MOUNTAIN VIEWS: MERCENARIES MOUNT IRAQ OFFENSIVE

<snip>Using mercenaries to fight your wars was basically outlawed by the Geneva Conventions of 1949, and pretty much ended after centuries of use in the 1700s, when sovereign nations came to the fore and better weapons required less professional skill. Nations found it easier to train any simple clod to fight and become cannon fodder rather than pay big sums to hire professionals. (We all were taught in grade school how dastardly and conniving King George III was in hiring 30,000 Hessians to spare British lives in fighting our brave boys in the American Revolution.)

But after 9/11 and even before we invaded Iraq, the Bush administration hired about 40 private gunmen from the U.S. company DynCorp to guard new president Hamid Karzai once we took over Afghanistan. Once we invaded Iraq in 2003, the commanding general, now retired, Jay Garner, immediately hired Nepalese Gurkhas and South Africans from a British security company to protect himself and his staff.

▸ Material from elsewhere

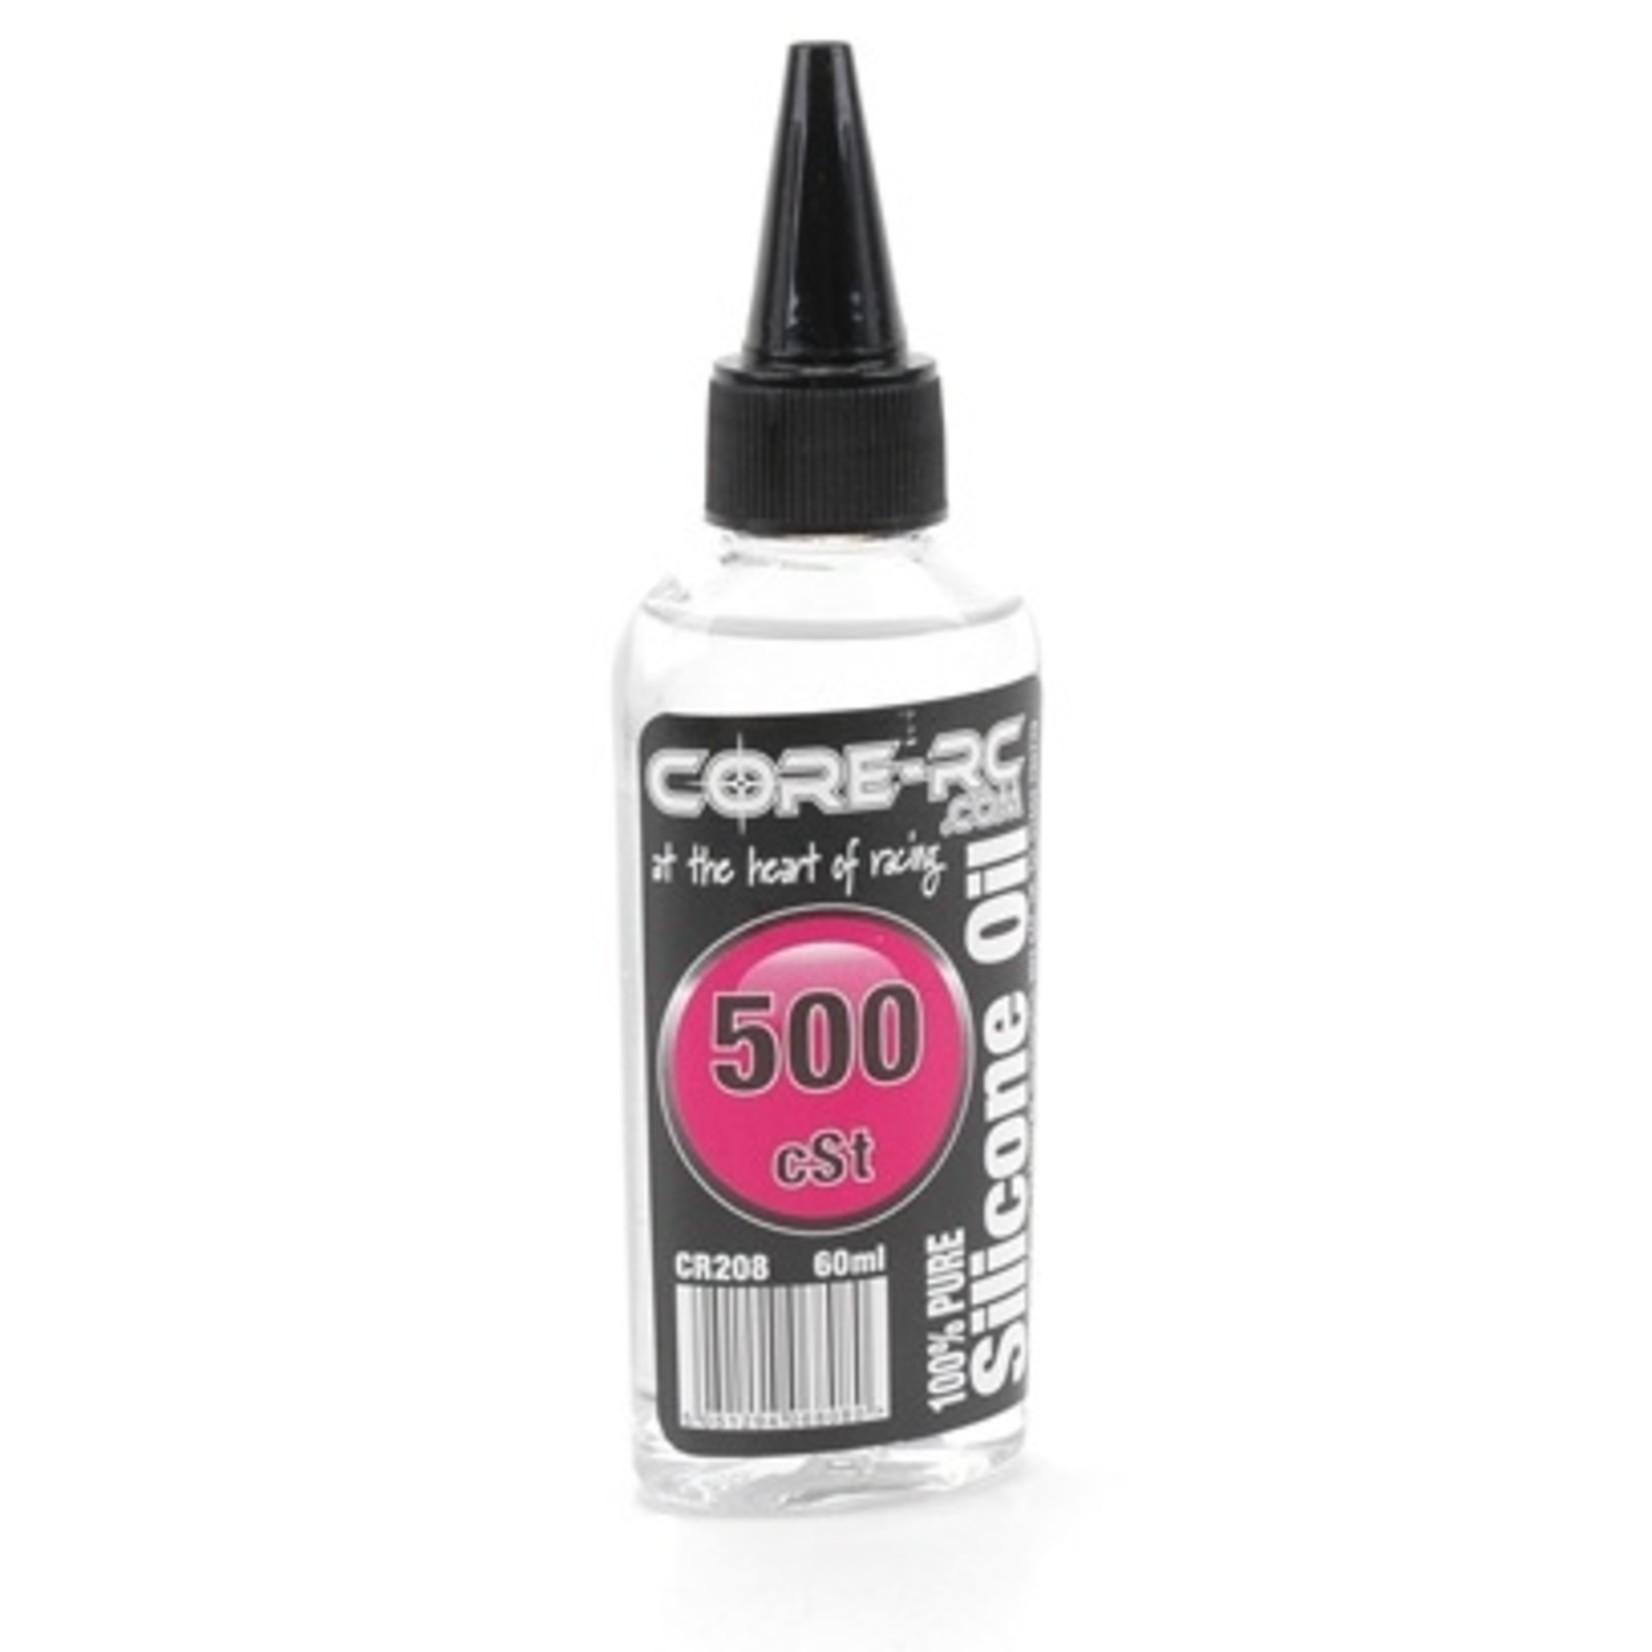 Core RC CORE RC Silicone Oil - 500cSt - 60ml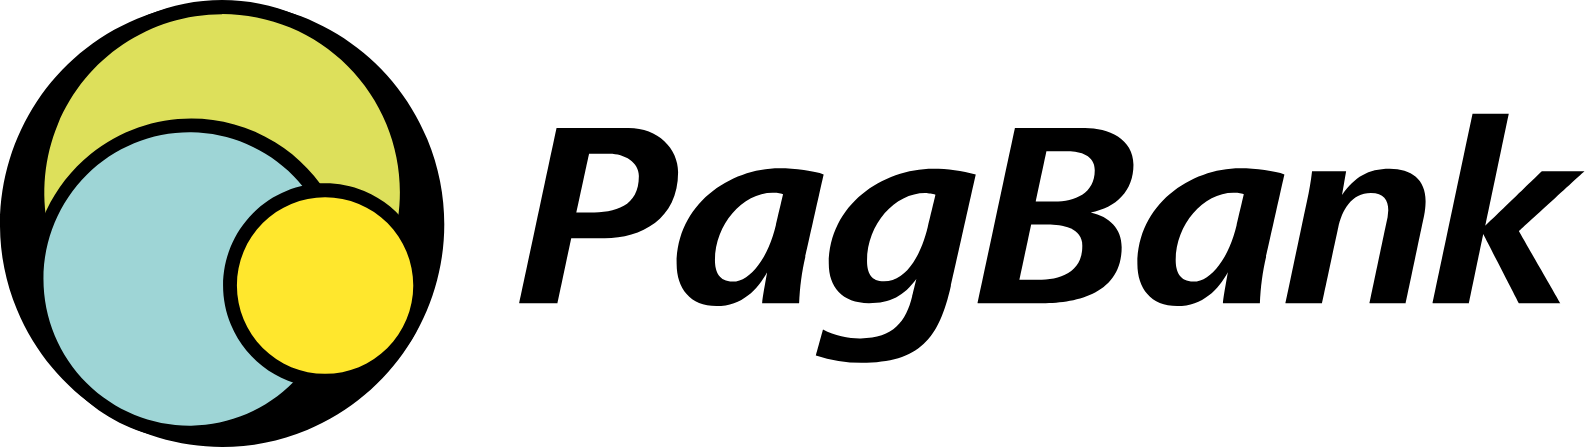 PagSeguro logo large (transparent PNG)

It was off to the races.

No one has raised much of a fuss. Almost a year ago, Congress asked the Pentagon to provide a detailed plan for listing, managing, accounting for, and overseeing private contractors, but despite repeated promises, the Defense Department has yet to provide it.

One obvious reason the Pentagon and Bush administration warriors like the idea of mercenaries who don't draw much attention is that it allows them to pretend we have far fewer war fighters on the ground in Iraq than we really do. If any mode of operation makes it easy to fudge the figures or cloud the costs, the Bush White House and Pentagon like it.

Army chief of staff Gen. Peter J. Schoomaker said in a Kansas City speech over the weekend there are now 138,000 American troops on the ground in Iraq, and that plans to keep such a force there until 2009, if need be, are already drawn up. That number swells when you consider all the private armed gunmen.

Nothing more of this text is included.